The authors of the Old Testament

According to the Belgic Confession, ‘God commanded his servants, the prophets and apostles, to commit his revealed word to writing; and he himself wrote with his own finger the two tables of the law’. Furthermore, ‘the Holy Ghost witnesseth in our hearts that [the canonical books] are from God, whereof they carry the evidence in themselves’.14 Officially, then, Dutch Calvinists were committed to some version of the belief that the Bible is a communication from God, and that the individual prophetic books are the work of the particular prophets to whom he revealed himself. For example, so it was traditionally assumed, the author of the Pentateuch was Moses.15 This assumption was not of course confined to Calvinism. It was held by other Christian churches and, as Spinoza points out, was an important part of Jewish tradition as well. ‘Indeed,’ he adds, ‘the Pharisees maintained it so stubbornly that they regarded anyone who seemed to think otherwise as a heretic’.16 Furthermore, in all these confessions, the view that the Pentateuch contained Moses’ testimony of revelation is used to sustain the belief that Scripture possesses a special kind of authority.

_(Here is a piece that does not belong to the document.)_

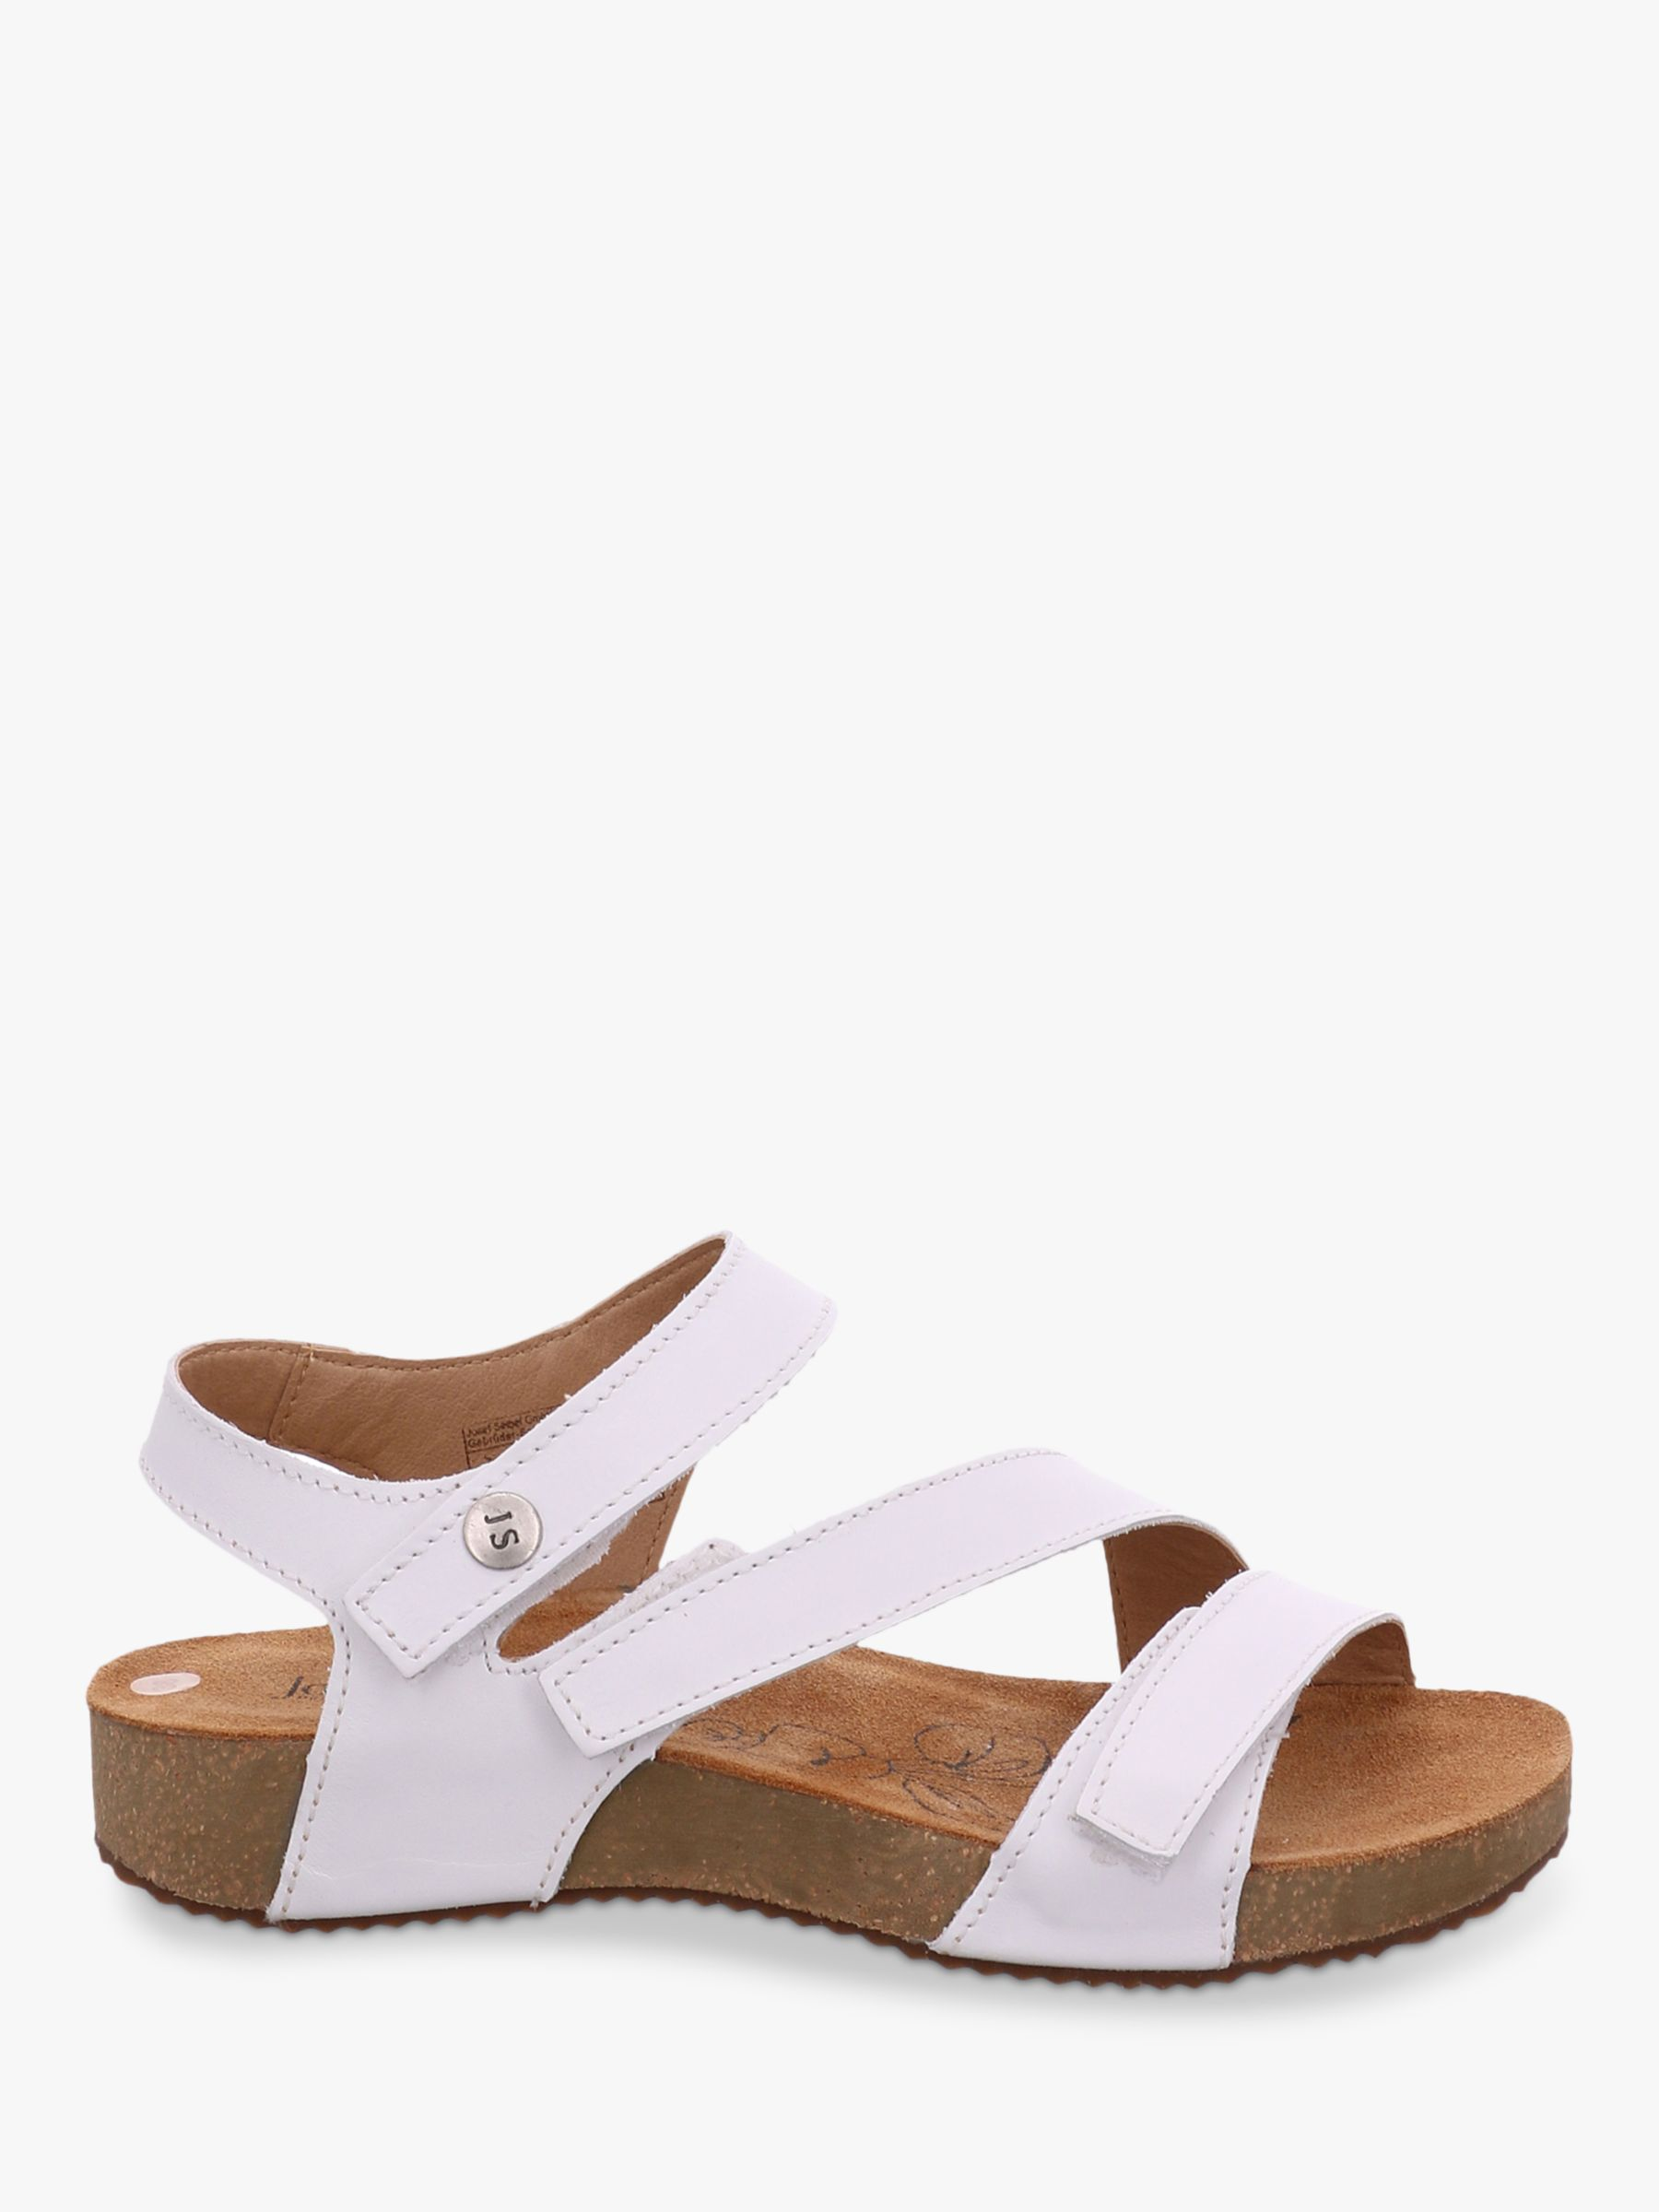 Josef Seibel Josef Seibel Tonga 25 Triple Strap Sandals
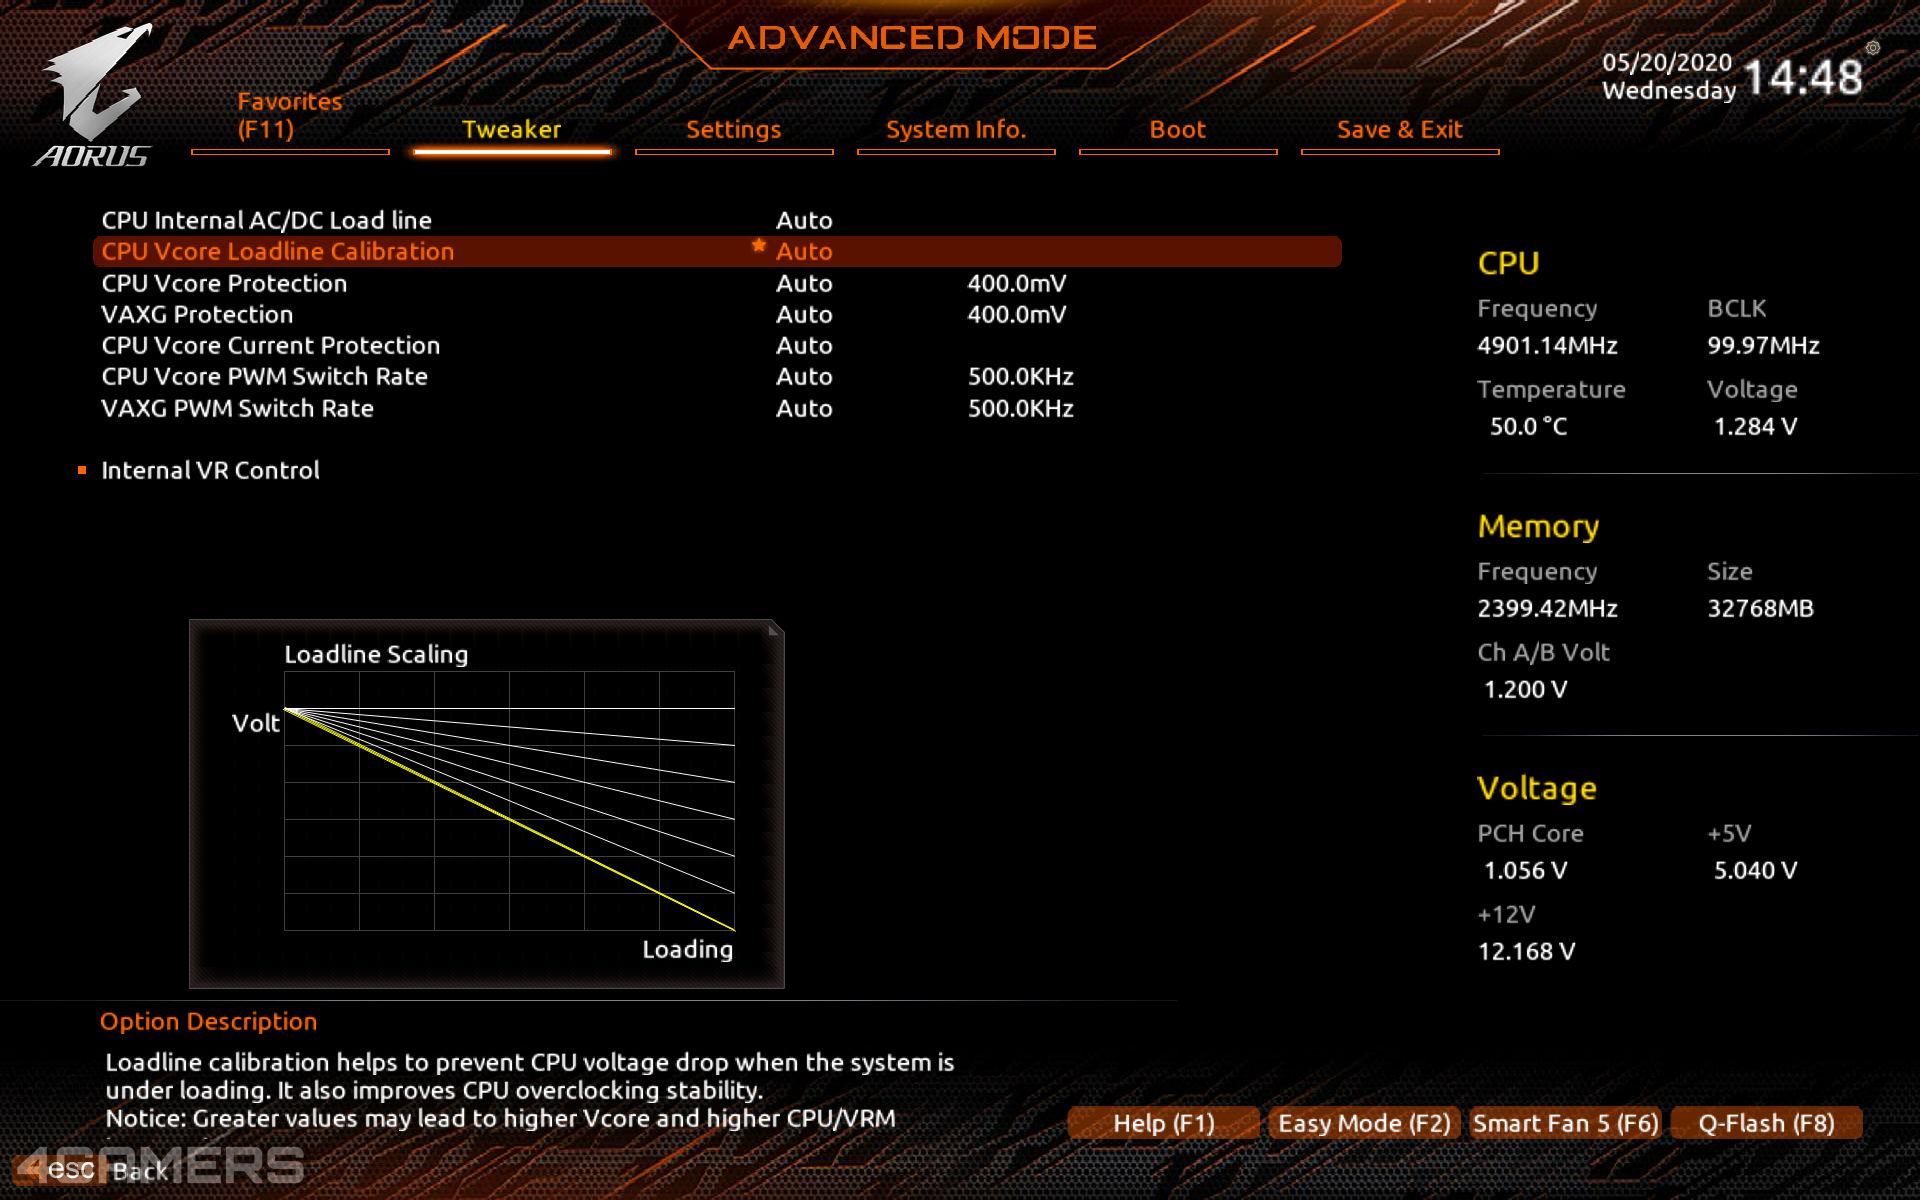 GIGABYTE Z490 AORUS Master BIOS

While the view that Moses is the author of the Pentateuch remained standard, inconsistencies in the text had led a series of biblical commentators to raise doubts about it, and Spinoza now adds his voice to their sceptical chorus. Moses, he claims, was not the author of the Pentateuch. In support of his contention, he cites the work of a twelfth‐century Spanish rabbi, Abraham Ibn Ezra (1089–1164), who ‘possessed an independent mind and no slight learning and was the first of those I have read to take notice of this prejudice’.17 Ibn Ezra had obliquely proposed that certain passages of the Pentateuch are later interpolations. For example, Moses is sometimes mentioned in the third person, as in ‘Moses wrote the law’; Deuteronomy contains words that Moses is (p.165) said to have uttered after he had crossed the Jordan, which he never did; the author makes it clear, when he speaks about Moses’ life, that he is describing events that happened long ago; and the author inserts explanations that Moses himself would not have needed to provide.18 On the basis of scattered pieces of evidence such as these, Ibn Ezra concluded that sections must have been added to the original text. Spinoza, however, goes further. He argues for the much stronger thesis that none of the surviving text of the Pentateuch was written by Moses, which as far as we can tell is the work of the scribe Ezra.19

The belief that Ezra had helped to re‐establish the Mosaic Law after the Jews’ return from Babylonian captivity derives from the book of Nehemiah. According to Jewish tradition, Ezra, acting under divine guidance, not only recovered the content of Moses’ original books of the law but produced the surviving Masoretic text. Together with a Grand Synagogue or council of wise men, including some of the prophets, he then fixed the canon. The view that Ezra had miraculously reconstituted the original text of the Bible was also confirmed by the Church fathers on the basis of the apocryphal book of Esdras, and was used by Islamic writers to undermine the Jewish and Christian claim that the Old Testament is the word of God.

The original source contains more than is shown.